■「車両保険」が必要なケースと不要なケース
補償内容自体が魅力的なことは間違いない「車両保険」ではあるものの、前述のとおりネックとなるのが、どうしても高額になりがちな保険料だ。
それだけに加入時には、まず自分の愛車に高額な「車両保険」が本当に必要かどうかを十分吟味する必要がある。
例えばローン残高がまだまだ残っている新車の場合、万一の事故によって全損となってしまえば、クルマの再購入費に加えてローンの返済も必要となるため「車両保険」に加入しておいたほうが安心できる。
高級車や輸入車など、高額なクルマに乗っている人も同様で、事故の際に掛かる修理費を考えれば、「車両保険」加入のメリットは大きいはず。
いっぽう高年式の古いクルマなどは、補償時の時価相当額が低いことから支払われる保険金も安くなってしまうため、「車両保険」加入のメリットは小さい。
「車両保険」では契約時に補償時の上限額を設定するため、修理の金額がそれを上回った場合は全額補償とならない事がある。
上限額はクルマの時価相当額をもとに決められるため、愛車の状態によっては「車両保険」がマッチしないことも考えられる。
また、愛車の修理に保険を必要としないほど十分な蓄えがある、という人も、「車両保険」加入のメリットは少ないだろう。
愛車や自分の経済状況など鑑みて考えれば、「車両保険」が本当に必要かどうかが見えてくるはずだ。
■「車両保険」の保険料を少しでも安くするには?
高額な保険料がネックとなる「車両保険」だが、加入時の契約によってはある程度金額を抑えることができる可能性もあるため、あきらめずに検討してみよう。
その方法としてはまず考えられるのが、事故などの際の補償範囲を狭めることで保険料が安く設定されている「限定タイプ」や「エコノミータイプ」などと呼ばれている「車両保険」を選ぶこと。
クルマ同士に衝突や自然災害によるクルマの破損、自損事故、当て逃げなど、補償範囲が広い「フルカバータイプ」や「一般型」と呼ばれる「車両保険」と比較し、「エコノミータイプ」では、保険会社によって異なるものの、自損事故や、原付・自転車などとの接触、当て逃げなどの際の事故の場合は保険金が支払われない。
こうした点を割り切ることができるのであれば、「エコノミータイプ」の「車両保険」を選択することで、数万円程度は保険料を節約できるはずだ。

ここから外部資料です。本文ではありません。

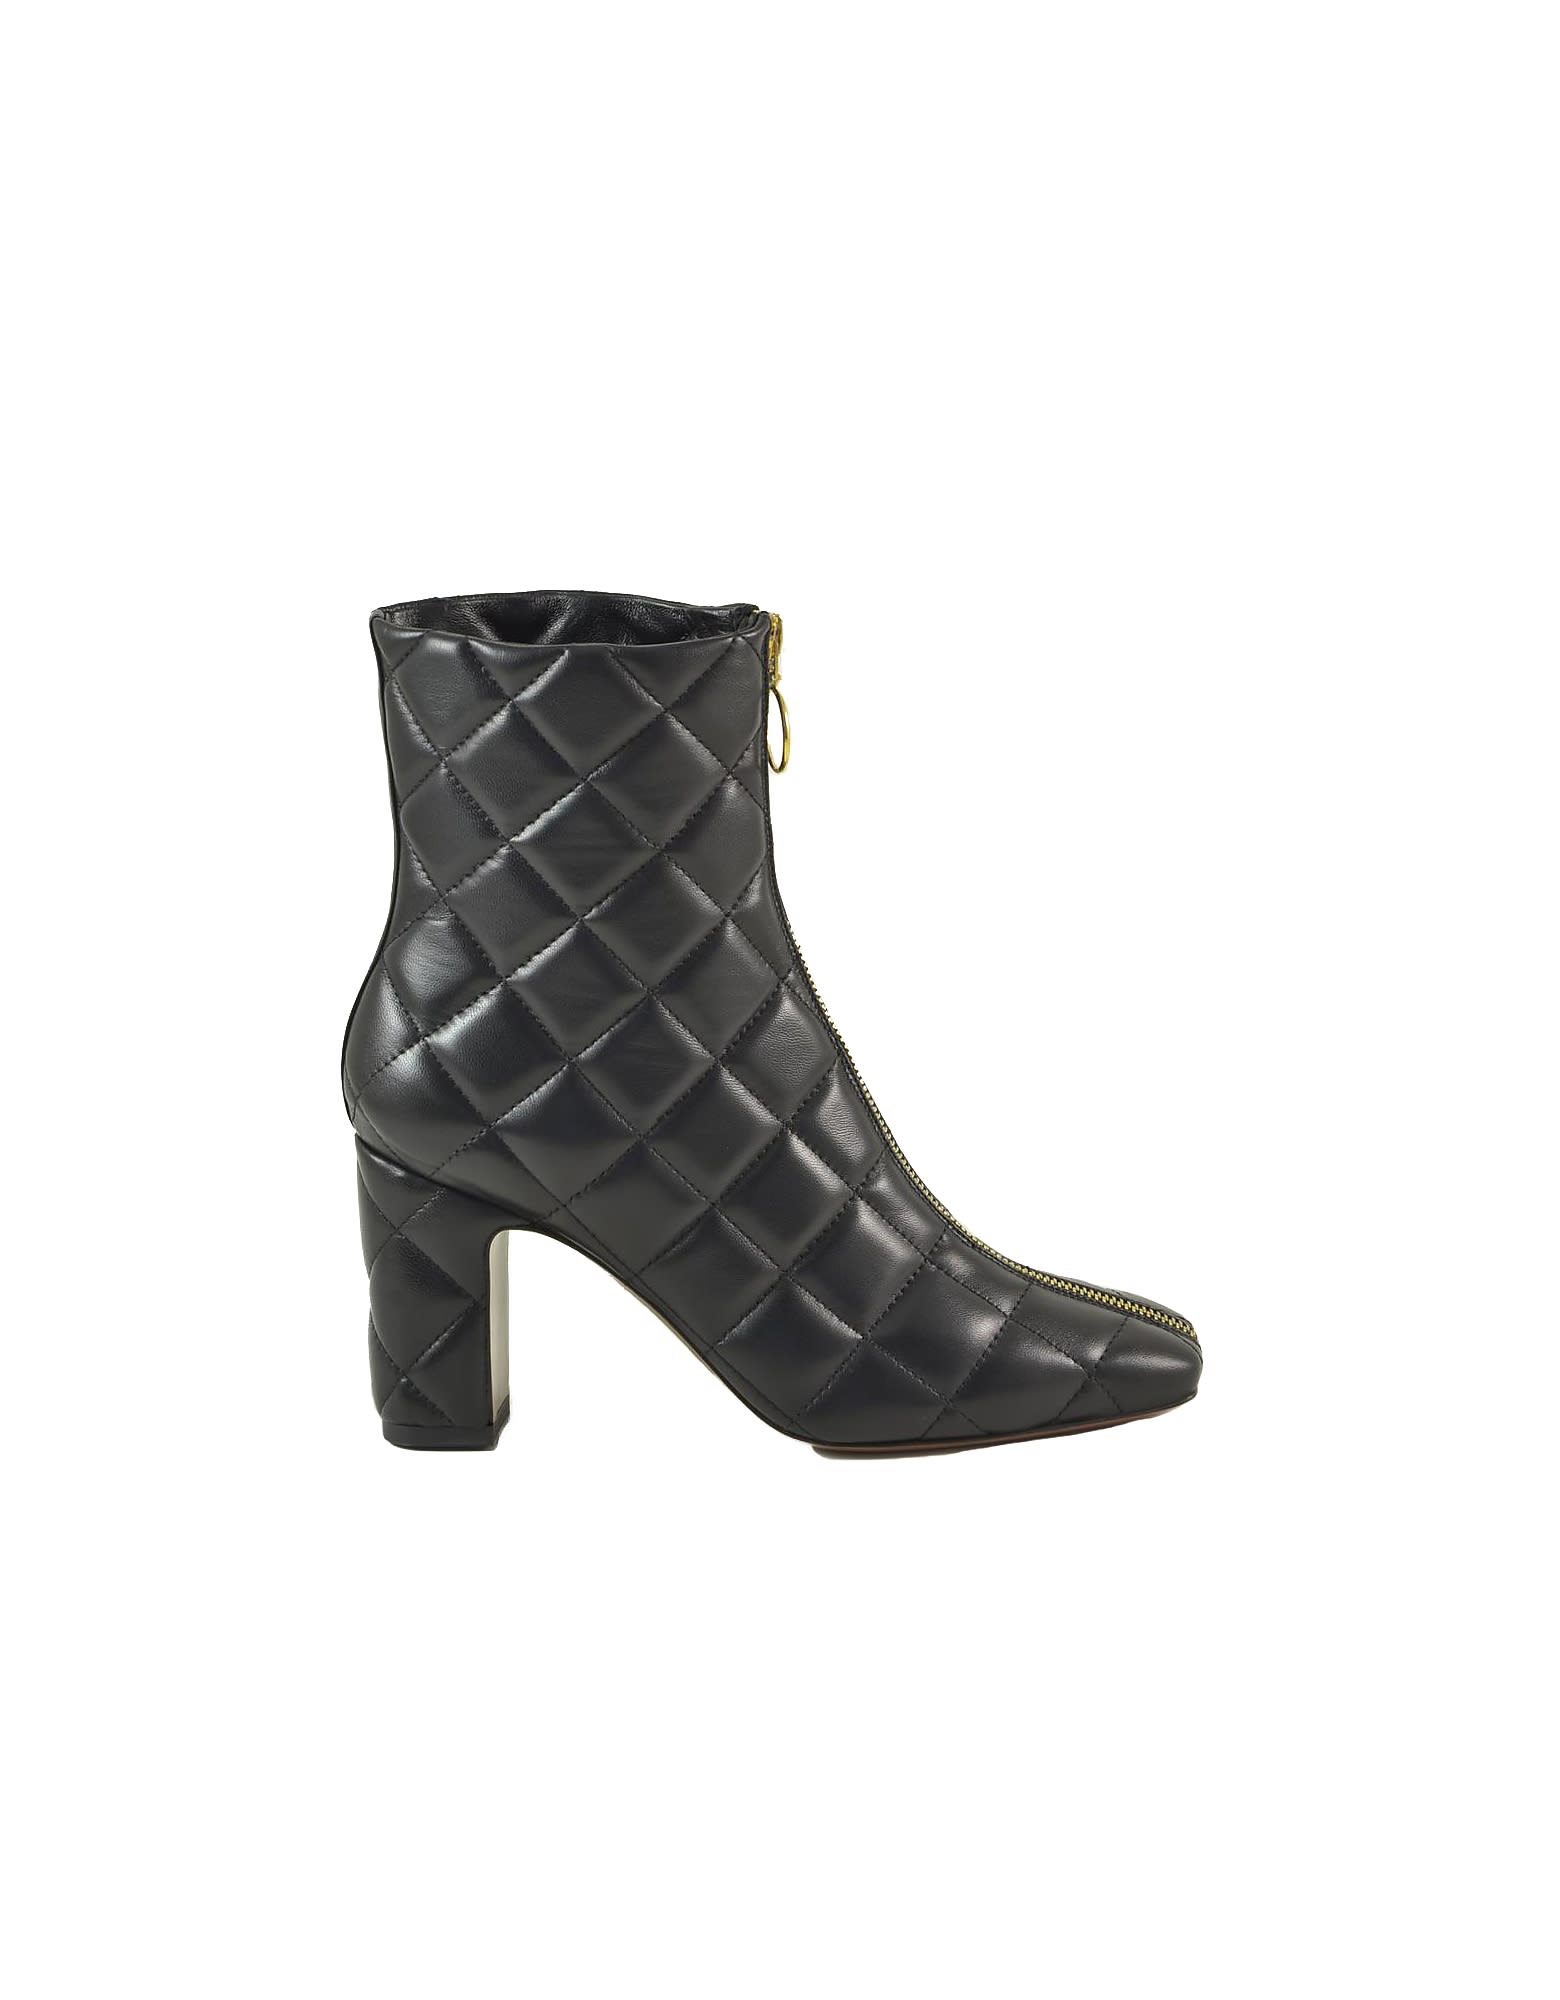 Lautre Chose Black Quilted Leather Booties W/zip

また、「車両保険」に「免責金額」を設定しておくのも保険料を安くできる方法のひとつ。
ご存じの方も多いかと思うが「免責金額」とは、事故などで発生した損害額のうち“ここまでは自分で負担する”という金額のこと。
「車両保険」の「免責金額」を10万円に設定している場合はそのぶんが自己負担となるため、仮にクルマの修理費に50万円がかかるケースでは、保険金はその差額である40万円しか支払われない。
こちらも保険会社によって異なるものの、この「免責金額」を多めに設定しておけばそのぶん、保険料も安くなる可能性がある。
自動車保険の保険料は、「車両保険」の有無だけではなく、等級や年齢、免許証の種類によって大きく変わってくる。
「車両保険」も含めて自分にどんな補償が必要なのかと、無理なく支払える保険料とのバランスをよく考え、最適なプランを見つけたいものだ。